# Clearcoat Failed



## Bod42 (Jun 4, 2009)

I'm over in NZ so the UV in the sun destroyed the Clear Coat on older cars.

I have just brought a 98 Merc E320 and the clear coat on the roof has failed and looks like thousands of little cracks so makes the entire roof look white instead of the Dark Blue it should be. I will get a pic up ASAP.

Some parts of the roof have zero clear coat left and I noticed today that these parts of the roof look the original colour so I polished them using some Sonus Polish and they look pretty good so I sanded a section of the roof down to the colour and polished it up and again it looks pretty good. At least now its the original Dark Blue instead of cracked white colour.

My question is, how long will the colour last if I sand back the Clear Coat and also can I flat back to the Base Coat taking off all the old Clear coat and then Rattle Clear Coat over the top as a short term solution.


----------



## Dixondmn (Oct 12, 2007)

If you can sucessfully remove the clear coat and get a good finish on the base coat using polish, I dont see why it wouldnt last as long as the original clearcoat... if not longer, depending on the number of coats you apply.
It would be good to see some photos though.


----------



## Andyb0127 (Jan 16, 2011)

You can flat it and polish it as you have been, but it's worth remembering the basecoat has no uv protection at all, so after a while it will end up the same.

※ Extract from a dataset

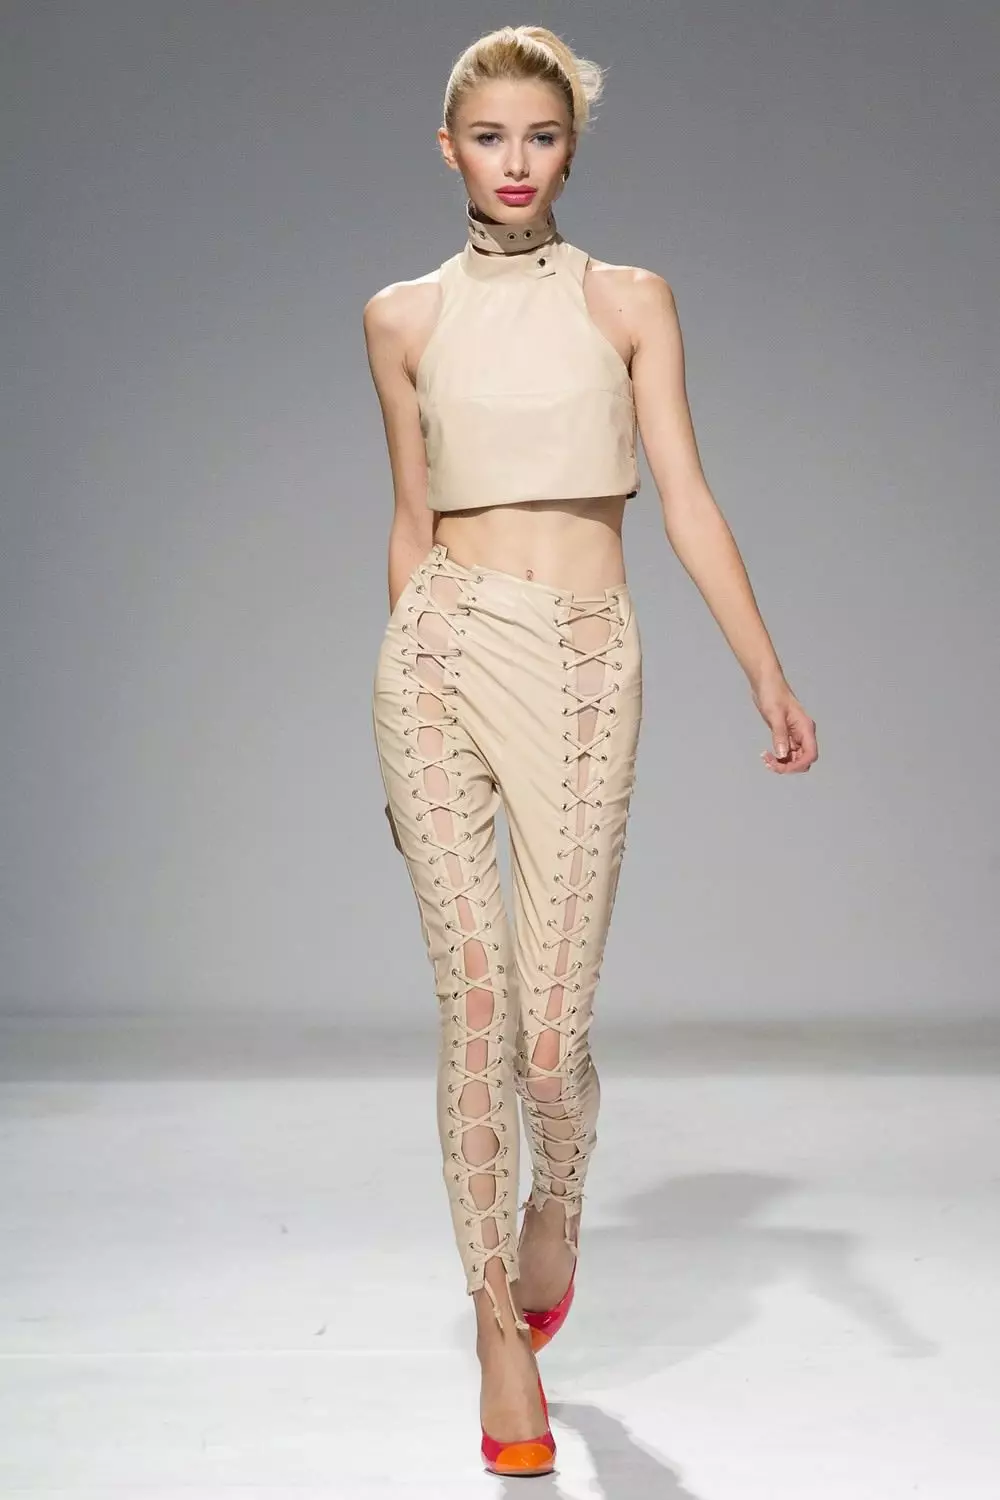 Fashion Bukser 2021: Kvinders stilfulde modeller, Fashion Trends 917_411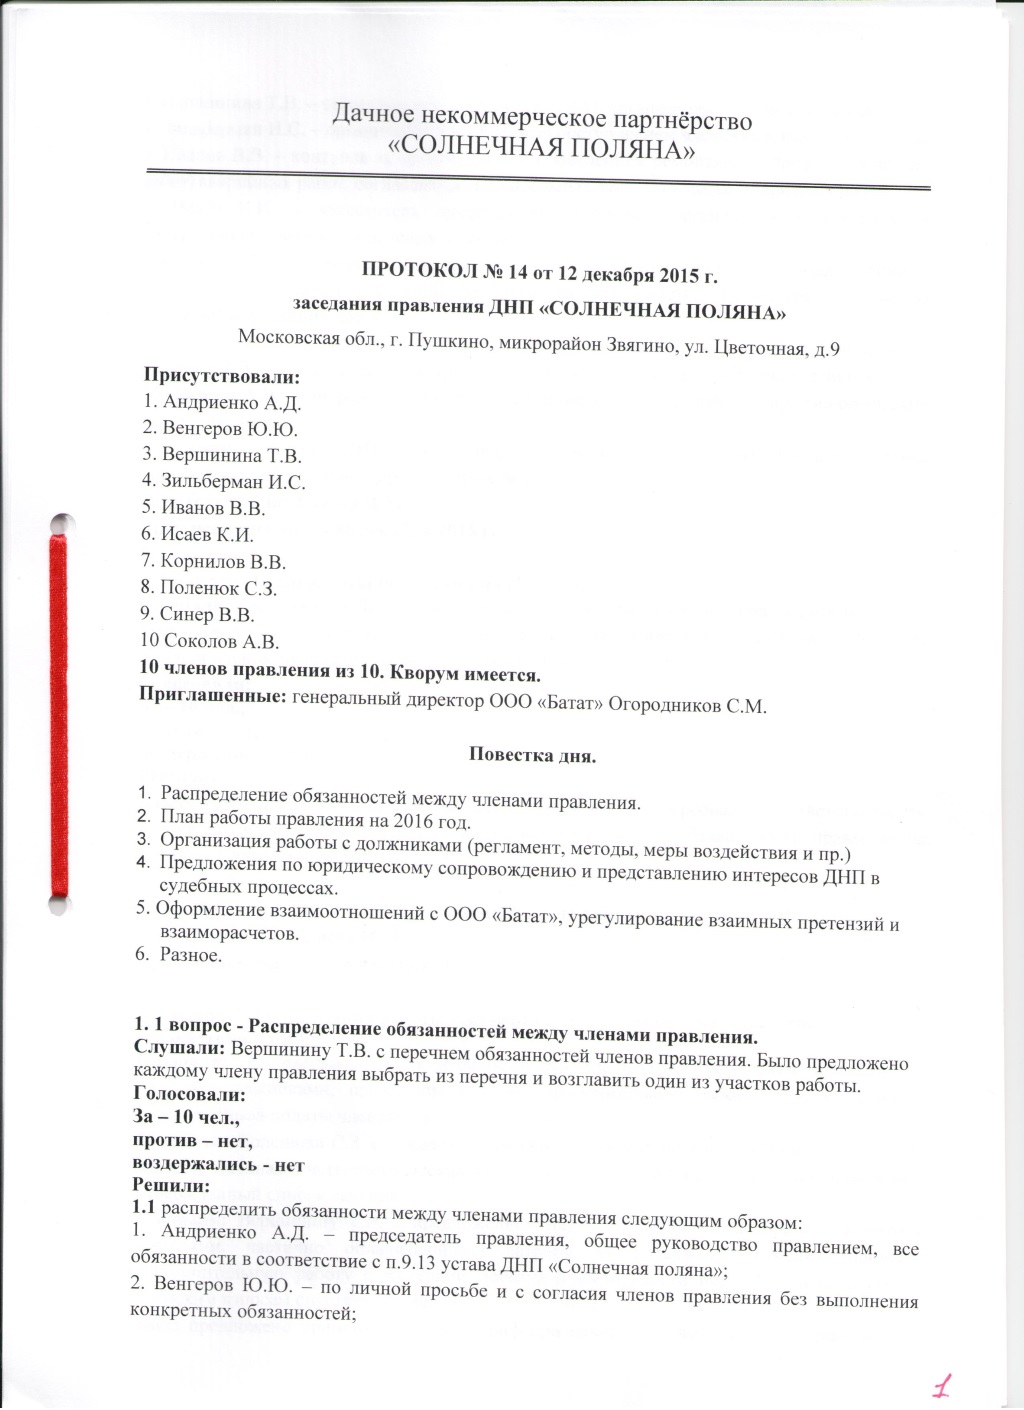 ПРОТОКОЛ  заседания правления № 14 от 12 декабря 2015 г.

Best solution it to have it re-painted, as a lot of the new clear laquers have uv protection in them already, may sounds silly but the more yellow the laquer is the more uv filters it has in it.

Could you not take to a Mercedes dealer to see if it could be done under warranty as the laquer has obviously failed, regardless of where you live and how hot it is, or has the roof been painted in the past.


----------



## Bod42 (Jun 4, 2009)

I'm finishing detailing the car today so will get a pic up later today.

Its a 1998 so not sure what Merc warranty is like?

Thats what I thought, if it looks good then thats all I need but if the Base coat has no UV protection am I going to spend ages sanding it down and then it fades in a few days/weeks.

I would get it resprayed but the car was cheap as, so dont want to spend the money really as its not worth it.

Thanks for the help


----------



## Andyb0127 (Jan 16, 2011)

Bod42 said:


> I'm finishing detailing the car today so will get a pic up later today.
> 
> Its a 1998 so not sure what Merc warranty is like?
> 
> ...


If your flatting it all down, could you not buy some clear coat and paint it yourself :thumb:


----------



## Bod42 (Jun 4, 2009)

Andyb0127 said:


> If your flatting it all down, could you not buy some clear coat and paint it yourself :thumb:


Ya thats what I was thinking, just rattle can the clear coat back on but do I need to worry about compatibility as the paint has fully cured now.

I'm not sure what type of paint merc use?

Just waiting for Photo Bucket to load pics and then I will put them up


----------



## Andyb0127 (Jan 16, 2011)

Bod42 said:


> Ya thats what I was thinking, just rattle can the clear coat back on but do I need to worry about compatibility as the paint has fully cured now.
> 
> I'm not sure what type of paint merc use?
> 
> Just waiting for Photo Bucket to load pics and then I will put them up


Mercedes only use Glasurit or spies hecker paint, there the only two that have been approved by mercedes.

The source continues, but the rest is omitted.